Karl-Heinz Gerstner

Karl-Heinz Gerstner

Karl-Heinz Gerstner (* 15. November 1912 in Charlottenburg; † 14. Dezember 2005 in Kleinmachnow) war ein deutscher Journalist.

Inhaltsverzeichnis

Leben

Gerstner war der Sohn des Diplomaten Karl Ritter. Er wurde 1921 Mitglied der Bündischen Jugend und der Pfadfinder, 1931/32 der Jugendorganisation "dj 1.11". Dort gehörte er dem linken, zur KPD tendierenden Flügel an. Er begegnete in diesen Kreisen unter anderem Friedrich Wolf, Harro Schulze-Boysen, Eberhard Koebel (tusk) und Heinrich Graf von Einsiedel. Von 1931 bis 1935 studierte er Jura in Berlin. Er promovierte 1937 an der Universität Erlangen zum Dr. jur. mit einer Dissertation über Treugiroverkehr. 1931 trat er dem Roten Studentenbund bei.
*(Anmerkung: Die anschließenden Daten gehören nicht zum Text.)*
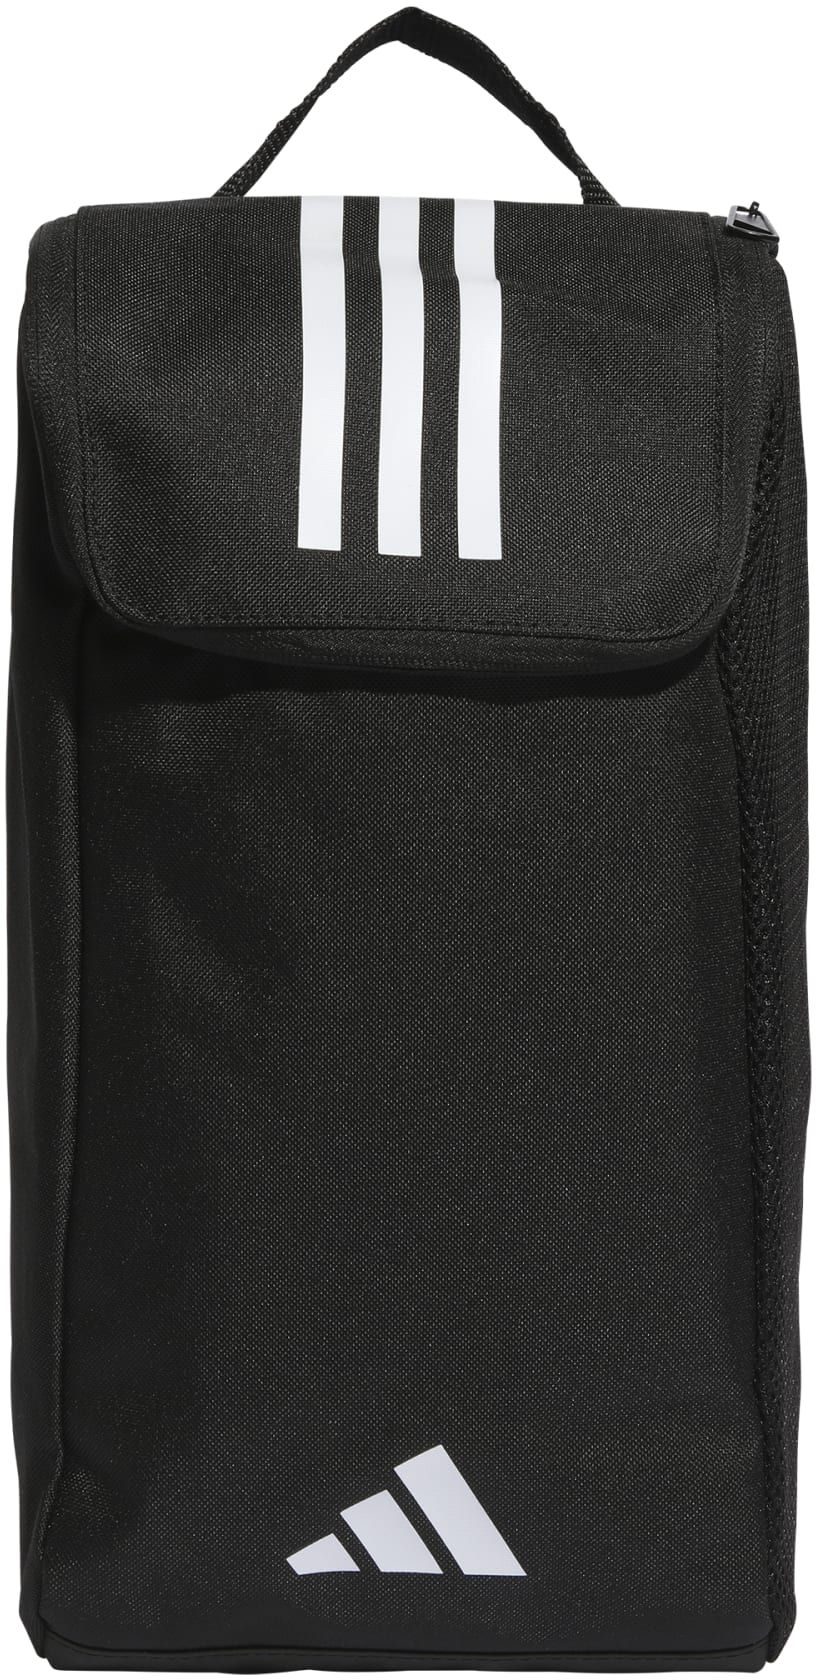 adidas Santiago Lunch Bag, Active Maroon/Black/White, One Size - Walmart.com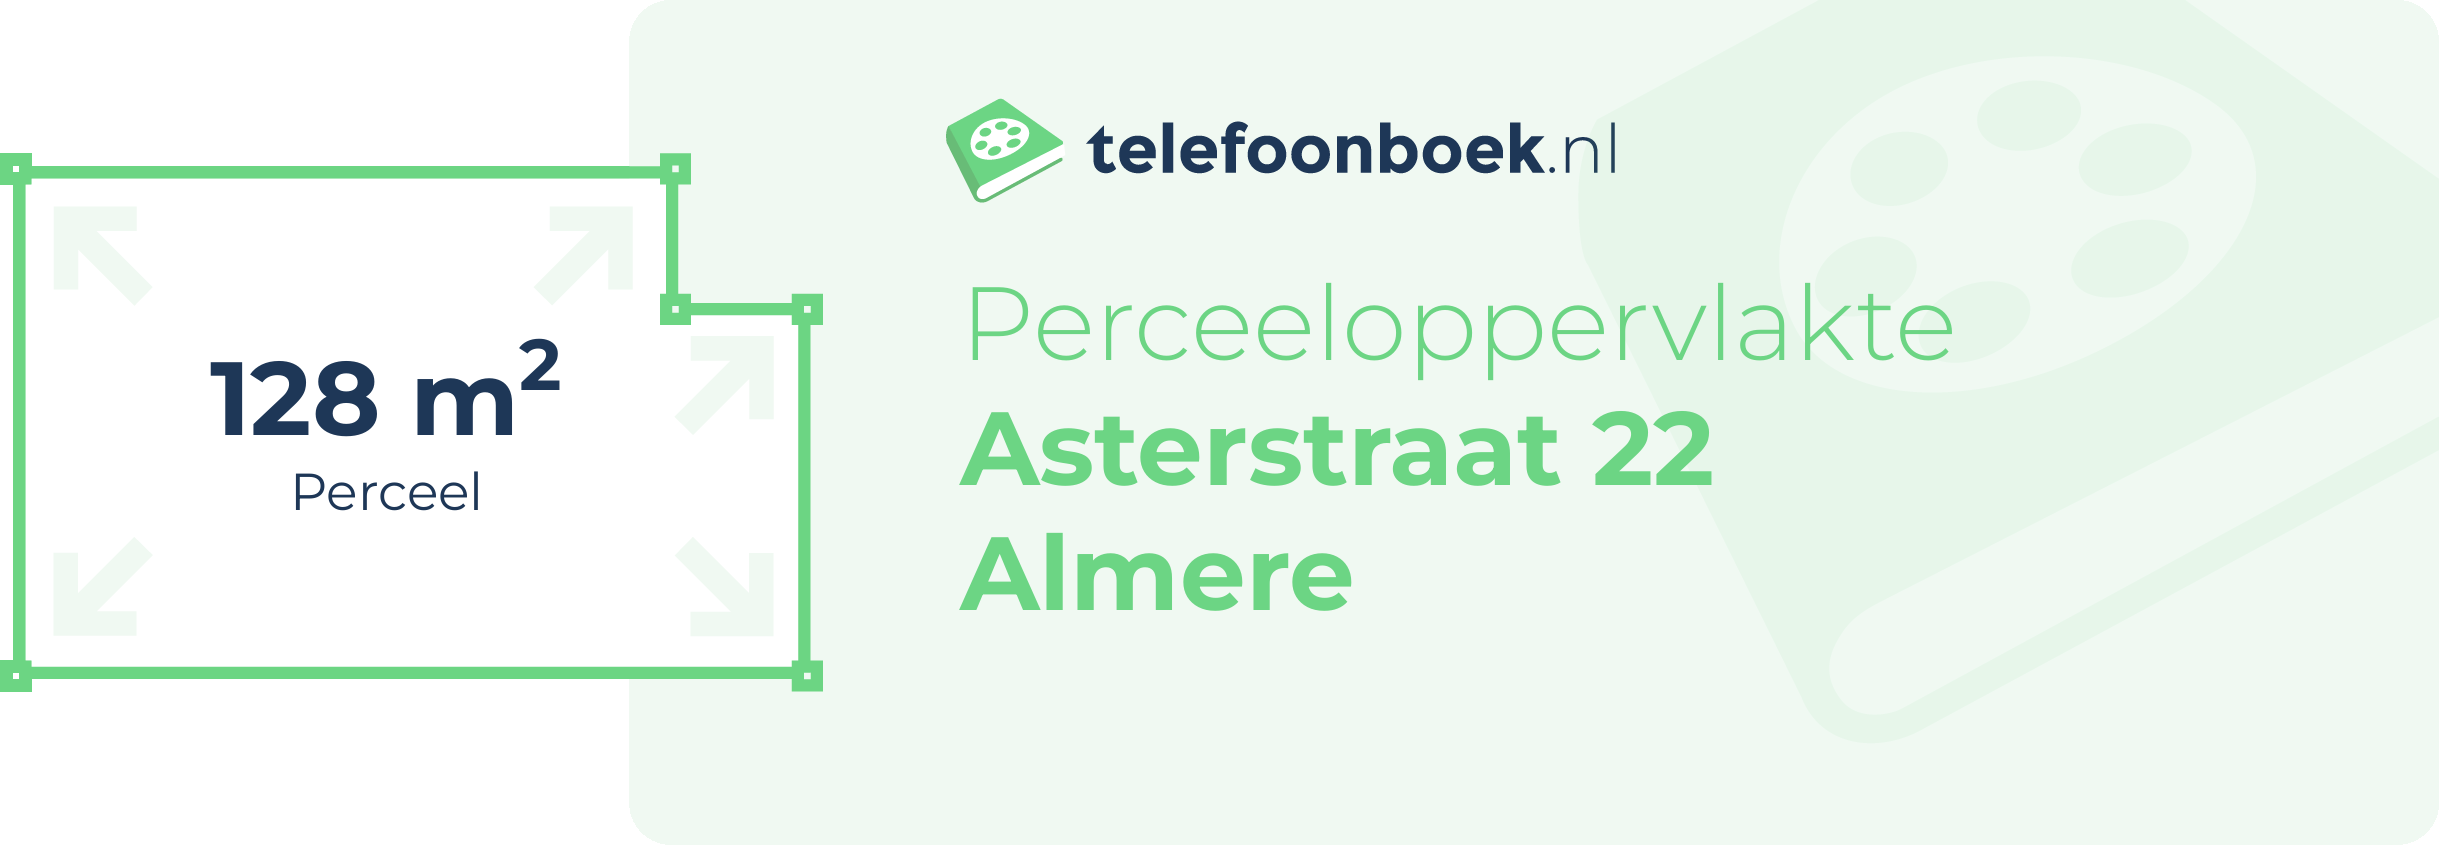 Perceeloppervlakte Asterstraat 22 Almere

Am 1. Mai 1933 wurde er Mitglied der NSDAP unter der Nummer 2.673.178. 1935 war er in der Referendarausbildung am Amtsgericht Rheinsberg und in einem jüdischen Berliner Anwaltsbüro; von 1936 bis 1939 war Gerstner als Referendar an der Handelskammer in Paris tätig. Wegen spinaler Kinderlähmung war er vom Militärdienst befreit. Von 1940 bis 1944 war er Wissenschaftlicher Hilfsarbeiter in der Wirtschaftsabteilung der deutschen Botschaft in Paris.[1]. Gleichzeitig unterstützte er die Résistance durch Nachrichtenübermittlung und Ausstellung von Passierscheinen in die unbesetzte Zone, insbesondere für jüdische Familien. [2] 1944-45 war er Mitarbeiter des Auswärtigen Amtes in Berlin und leistete illegale politische Arbeit in Berlin-Wilmersdorf.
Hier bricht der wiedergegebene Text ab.